What is being asked: Write out each record below exactly as it appears, with no pictures.

*** Block opens ***

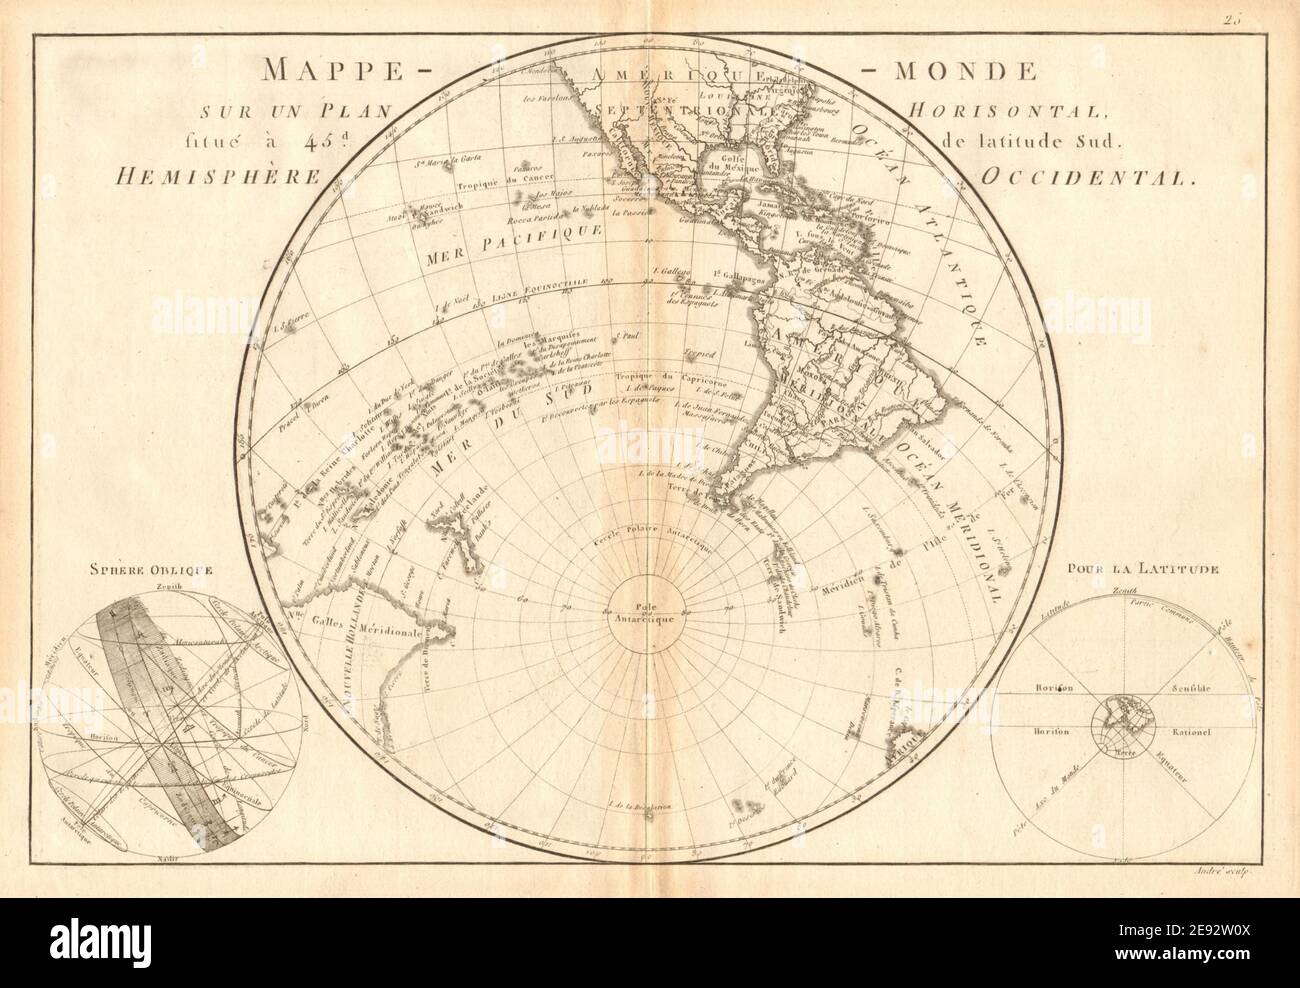 Mappe-monde sur un plan horisontal… à 45°S hemisphere Occidental. BONNE 1787 Stock Photo
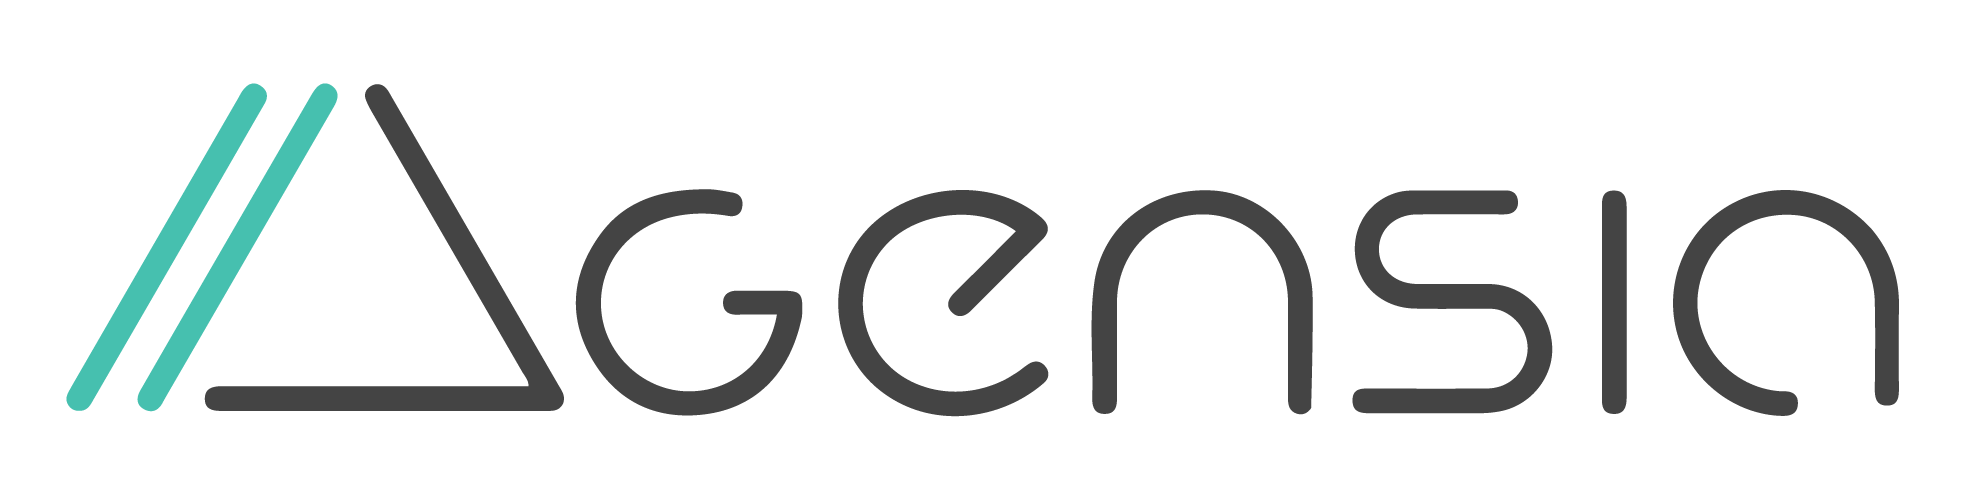 Logo Agensia
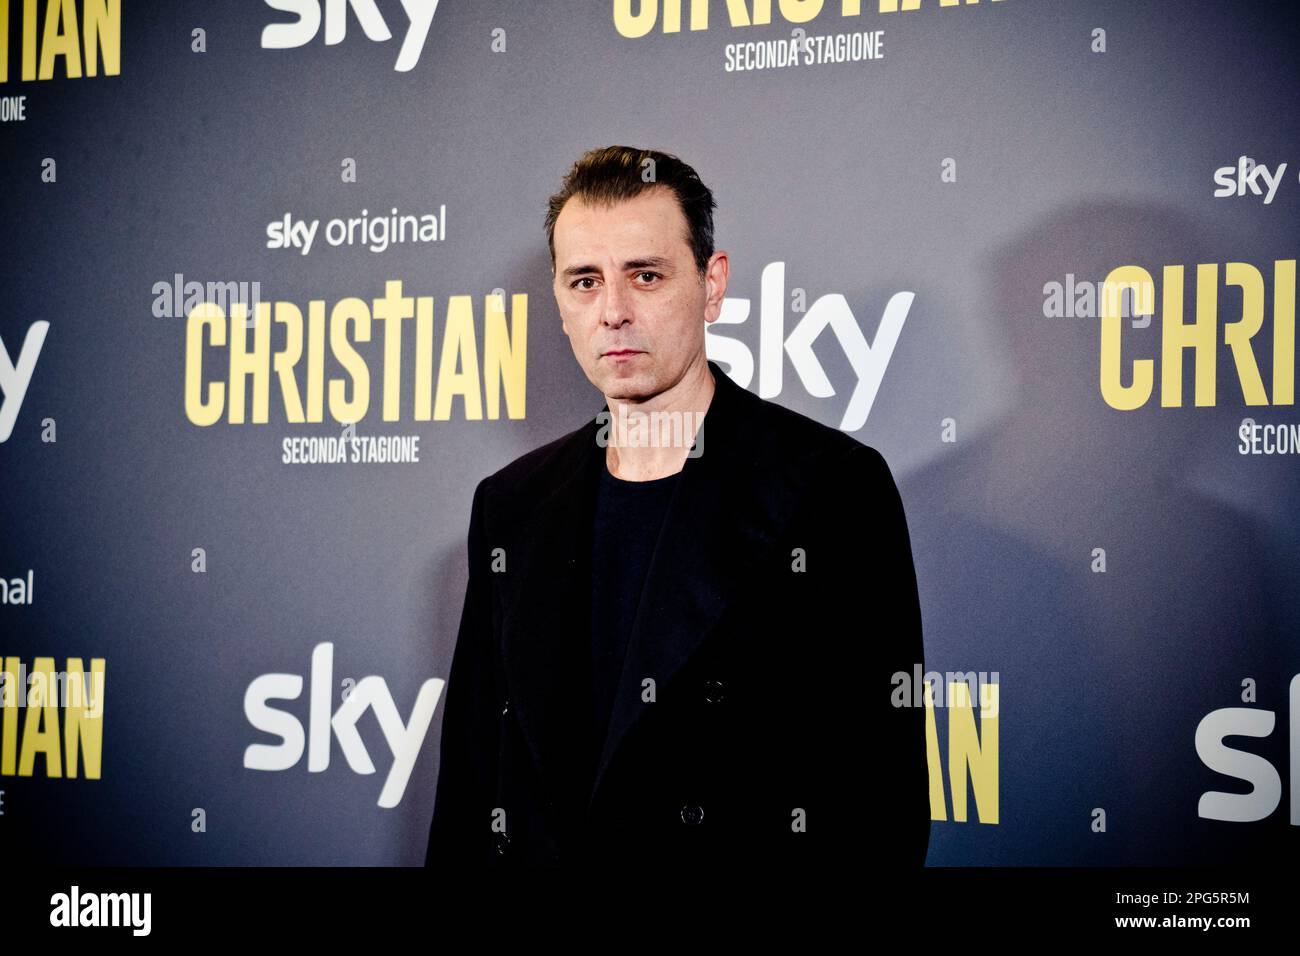 Rome, Italy, 20th March 2023, Giordano De Plano attends the premiere of 'Christian - seconda stagione' at Cinema Barberini (Photo credits: Giovanna On Stock Photo
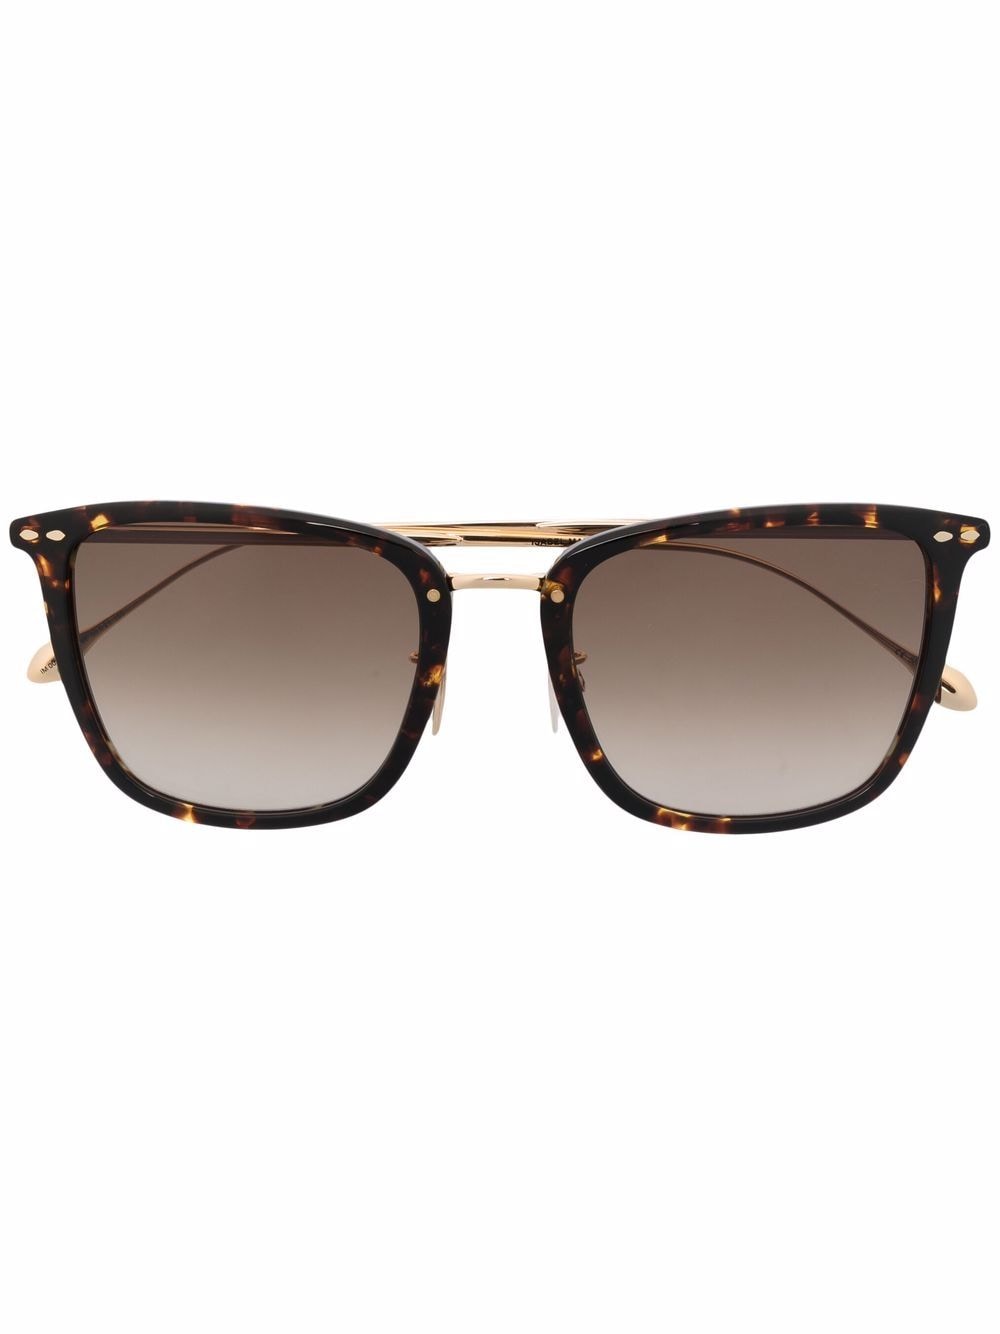 Isabel Marant Eyewear tortoiseshell-frame sunglasses - Gold von Isabel Marant Eyewear
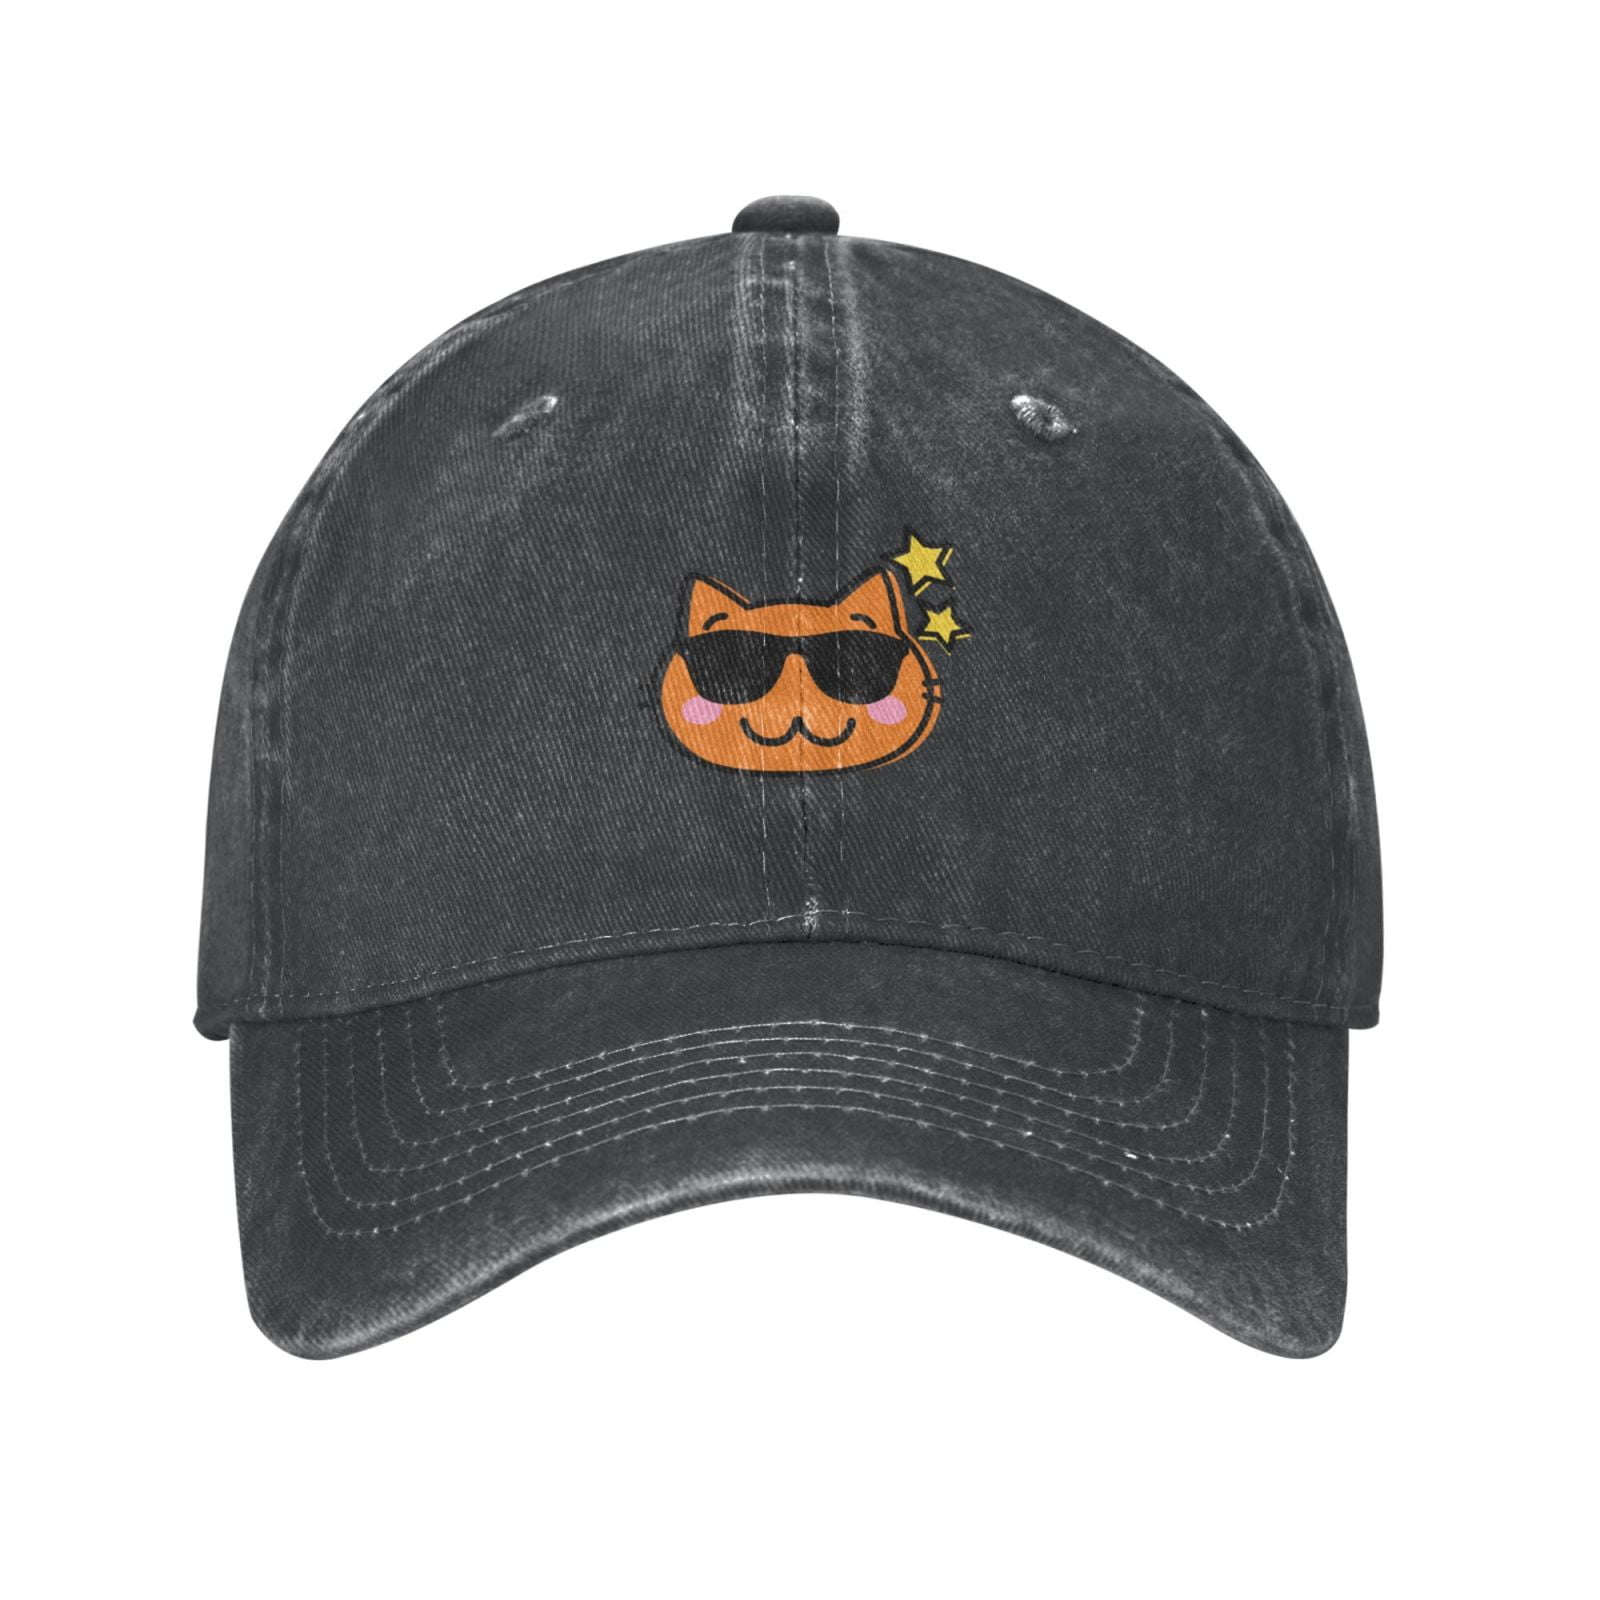 Mens Baseball Cap, Outdoor Sports Cap Cowboy Heather Casual Brim Cat- Happy Curved Classic Cartoon Adjustable Hat Hat, - Deep

*** Block closes ***

Reply to the task:
 Mappe-monde sur un plan horisontal… à 45°S hemisphere Occidental. BONNE 1787 Stock Photo
 Logo Agensia
 Rome, Italy, 20th March 2023, Giordano De Plano attends the premiere of 'Christian - seconda stagione' at Cinema Barberini (Photo credits: Giovanna On Stock Photo
 Isabel Marant Eyewear tortoiseshell-frame sunglasses - Gold von Isabel Marant Eyewear
 Mens Baseball Cap, Outdoor Sports Cap Cowboy Heather Casual Brim Cat- Happy Curved Classic Cartoon Adjustable Hat Hat, - Deep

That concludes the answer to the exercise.